My attempt to this question is Lefschetz number.

(b) For which values of $n$ is $f$ homotopic to a map without fixed points?

First consider

Poincare-Hopf Index Theorem. If $\vec{v}$ is a smooth vector field on the compact, oriented manifold $X$ with only finitely many zeros, then the global sum of the indices of $\vec{v}$ equals the Euler characteristic of $X$.

The Euler characteristic of an $n$-sphere is $1 + (-1)^n$. Hence, the degree of $f$ is $2$ if $k$ is even, and $0$ otherwise by Poincare-Hopf Index Theorem.

The Hopf Degree Theorem. Two maps of a compact, connected, oriented $k$-manifold $X$ into $S^k$ are homotopic if and only if they have the same degree.

We attempt a homotopy with $f$ and the antipodal map.

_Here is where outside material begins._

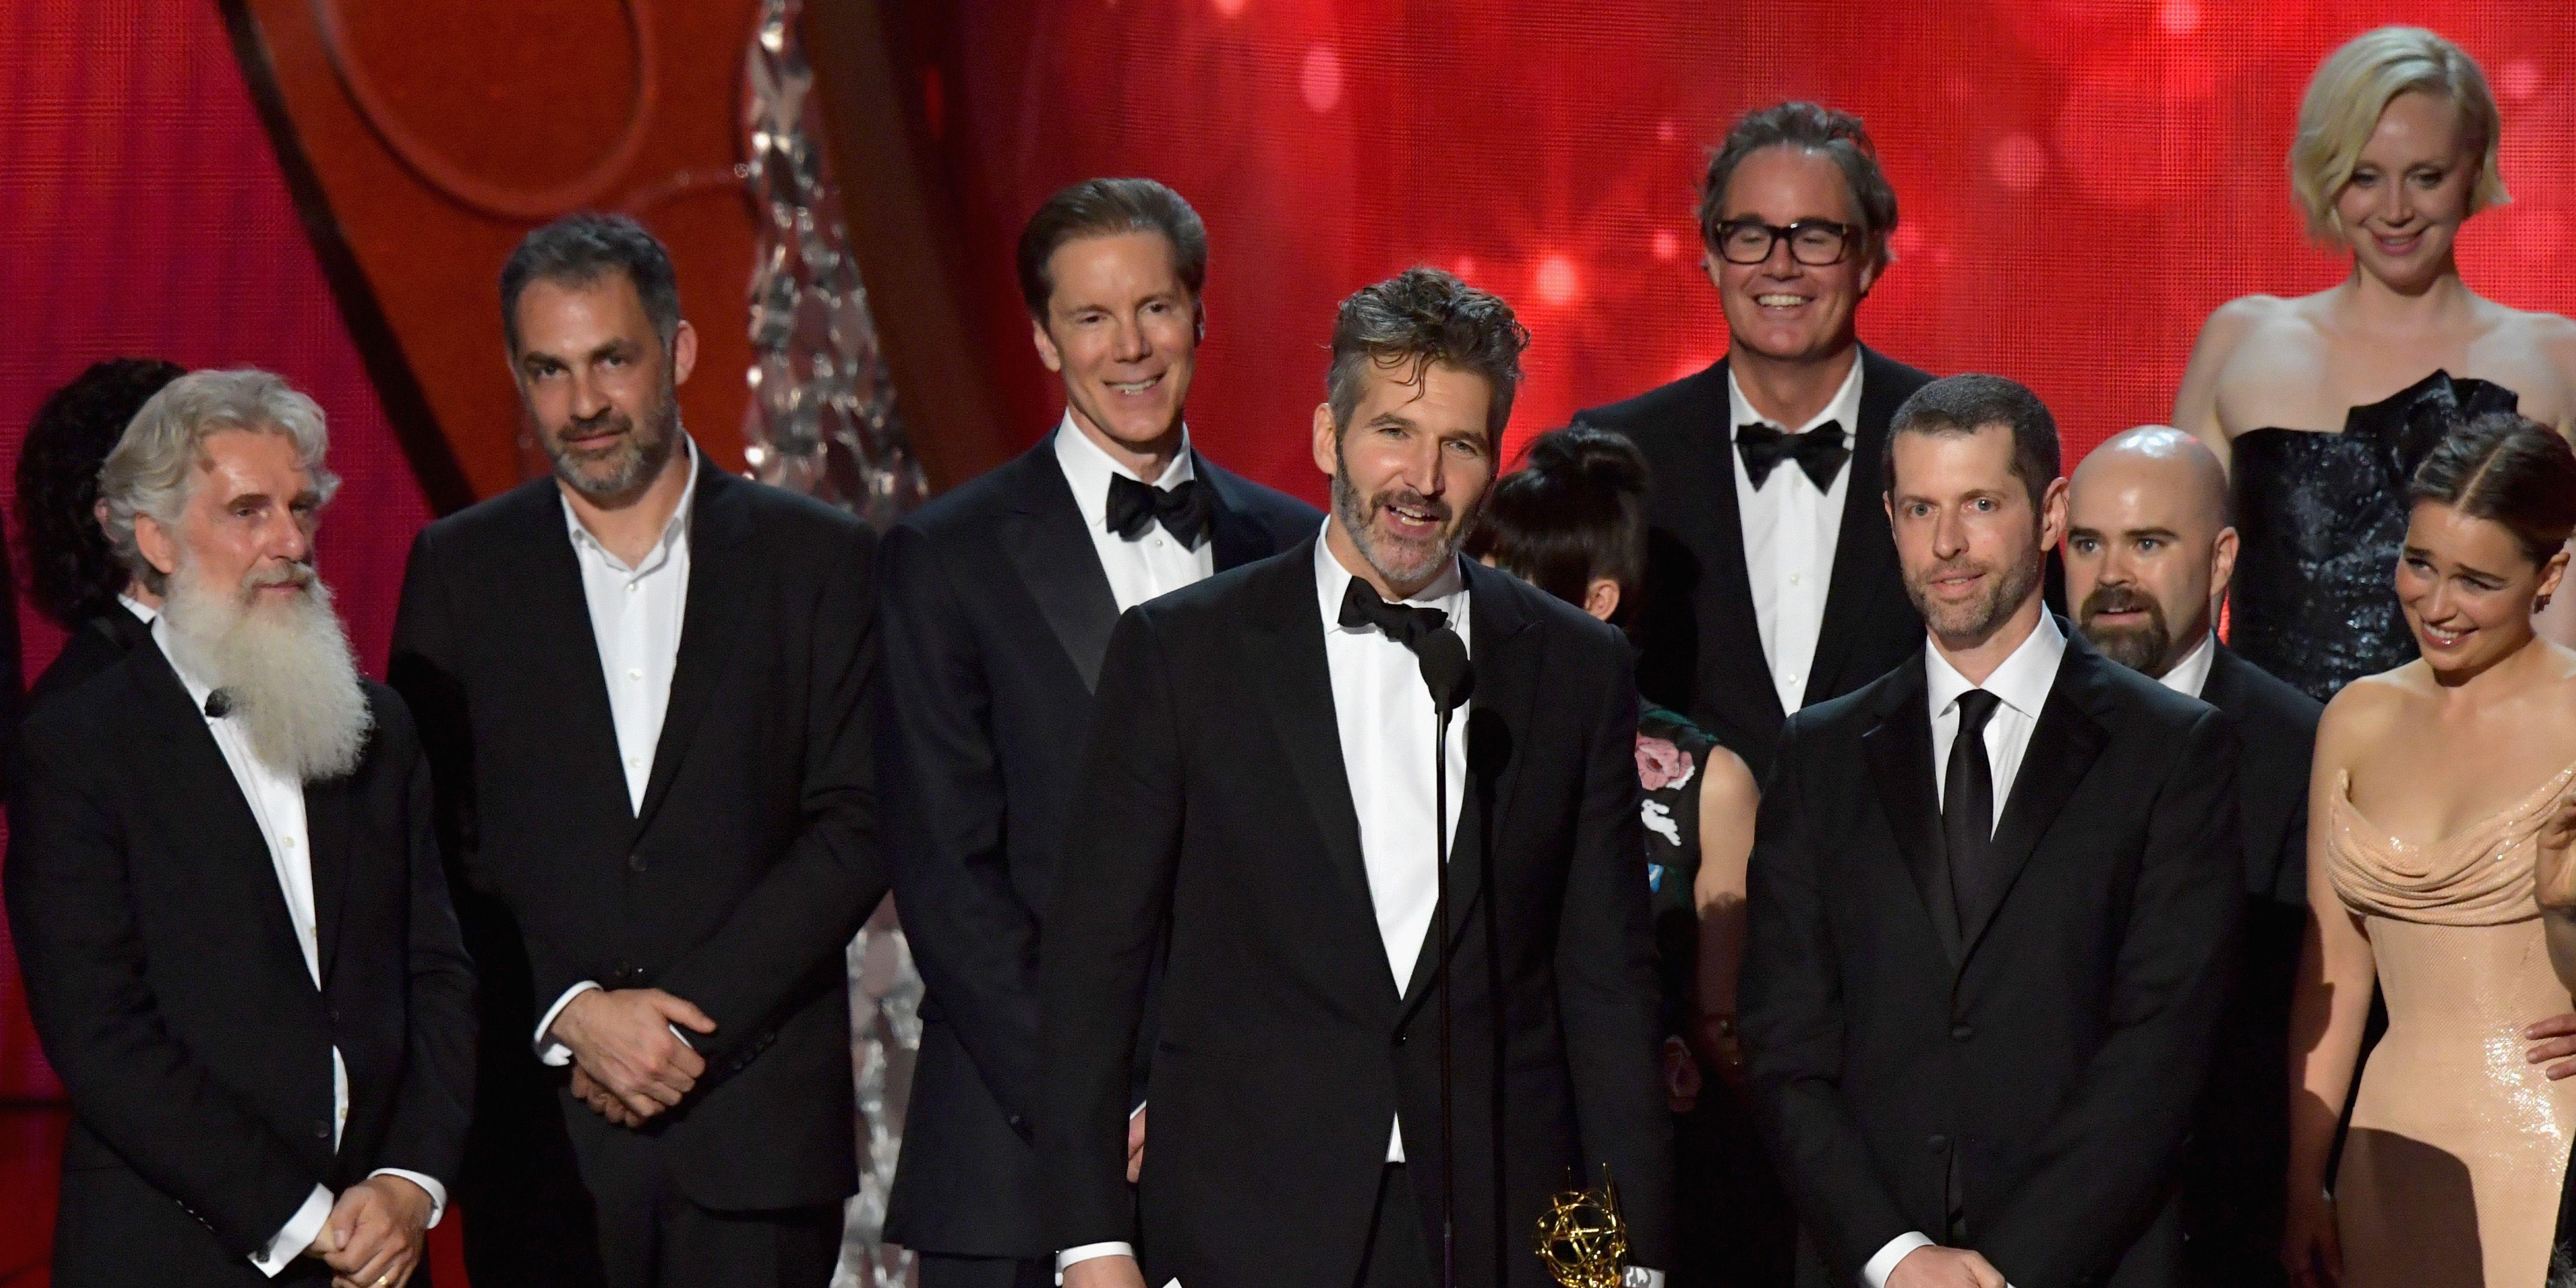 Game of Thrones' David Benioff, D.B. Weiss win Emmy

They both are compact, connected, oriented $k$-manifold $X$ into $S^k$. So they are homotopic if and only if they have the same degree.

Based on Jared's absolutely worth reading answer The degree of antipodal map. is $(-1)^{k+1}$.

So, I am completely wrong here!

Alternatively,

Consider the homotopy $f_t = f + t(-2x_1)$, so that $f_0 = f$, but $f_1$ is the antipodal map.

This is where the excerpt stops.